А теперь, после того как мы уяснили себе причину возникновения интеллектуального чувства удовольствия и ту роль, которую оно призвано выполнять в процессе восприятия произведения искусства, нам необходимо понять, что собой представляет такое таинственное в своей неуловимости и трудноопределимое понятие эстетики – понятие эстетического чувства.
Сразу же оговоримся: чувства, возбуждаемые произведением искусства (сострадания, симпатии, возмущения и т. д.), не имеют никакого отношения к эстетическому чувству. Более того, так называемое эстетическое чувство – это вовсе никакое не чувство. Наоборот, это интеллектуальная способность «понимания» идеи-новизны произведения искусства на бессознательном уровне. И чувством мы его называем только потому, что само «понимание» объективной интеллектуальной новизны сопровождается спонтанно возникающим интеллектуальным чувством удовольствия. Не будь мы наделены этой способностью, у нас не возникло бы и интеллектуального чувства удовольствия.
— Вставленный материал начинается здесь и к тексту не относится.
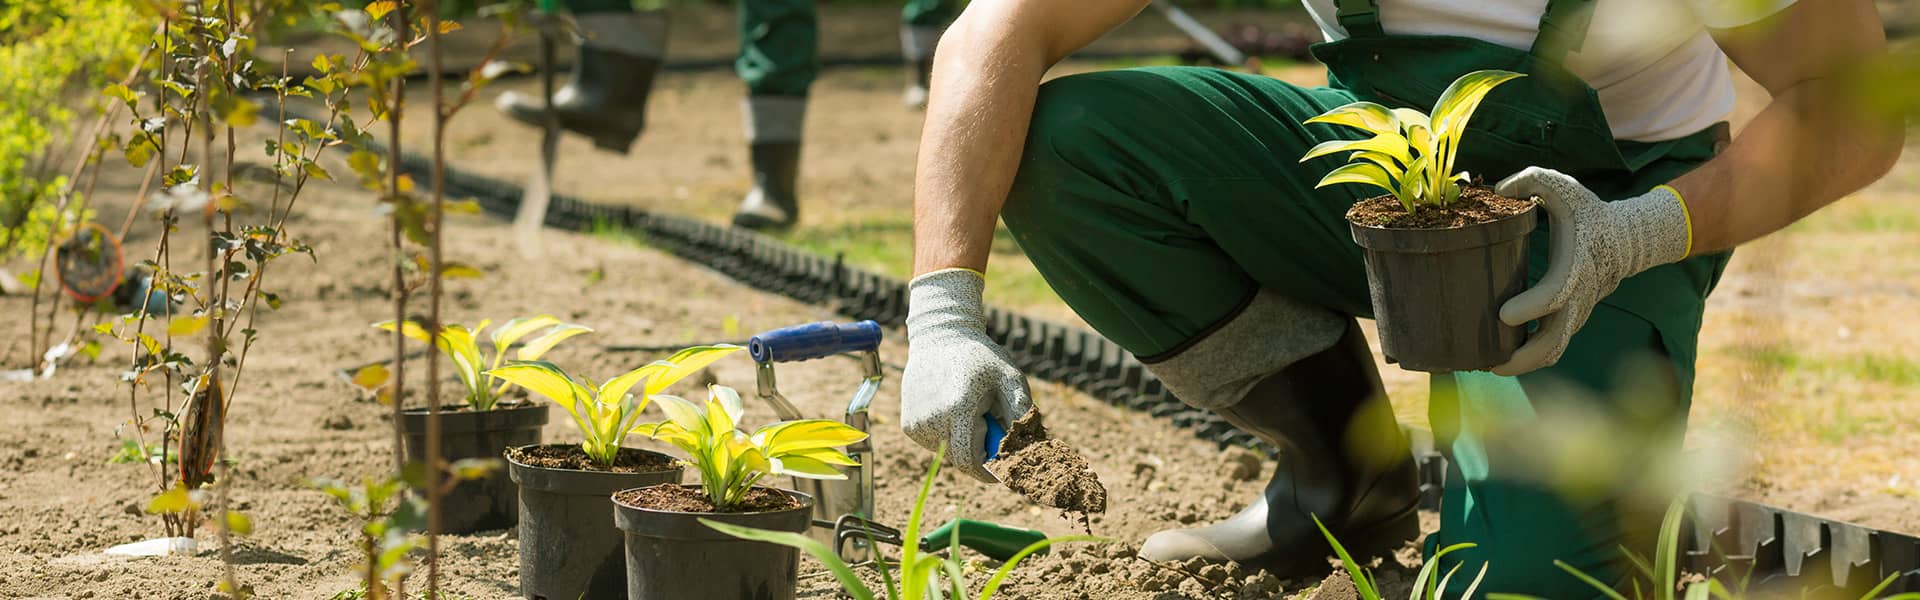 Mitarbeiter pflanzt Pflanzen in Erde ein

Таким образом, если интеллектуальное чувство удовольствия мы еще можем отнести к эстетическому чувству, то наша способность «понимания» объективной интеллектуальной новизны произведения искусства вряд ли может быть отнесена к области каких-либо чувств. Это, именно, способность интеллектуальная, а не чувственная.
И если мы все же зададимся вопросом, почему закрепилось словосочетание «эстетическое чувство», а не, казалось бы, более соответствующее смыслу и более правильное: «эстетическая мысль», «эстетический интеллект», или «эстетическое сознание», то на это можно было бы ответить тем, что только чувство – именно, интеллектуальное чувство удовольствия – способно уловить то новое (идею), которое заключено в произведении искусства. В этом словосочетании сама мудрость языка, вопреки нашим понятийным заблуждениям, намекает нам на то направление, в котором надо искать развязку гордиева узла взаимосвязанных понятий эстетического (красота), гносеологического (идея) и онтологического (истина) плана.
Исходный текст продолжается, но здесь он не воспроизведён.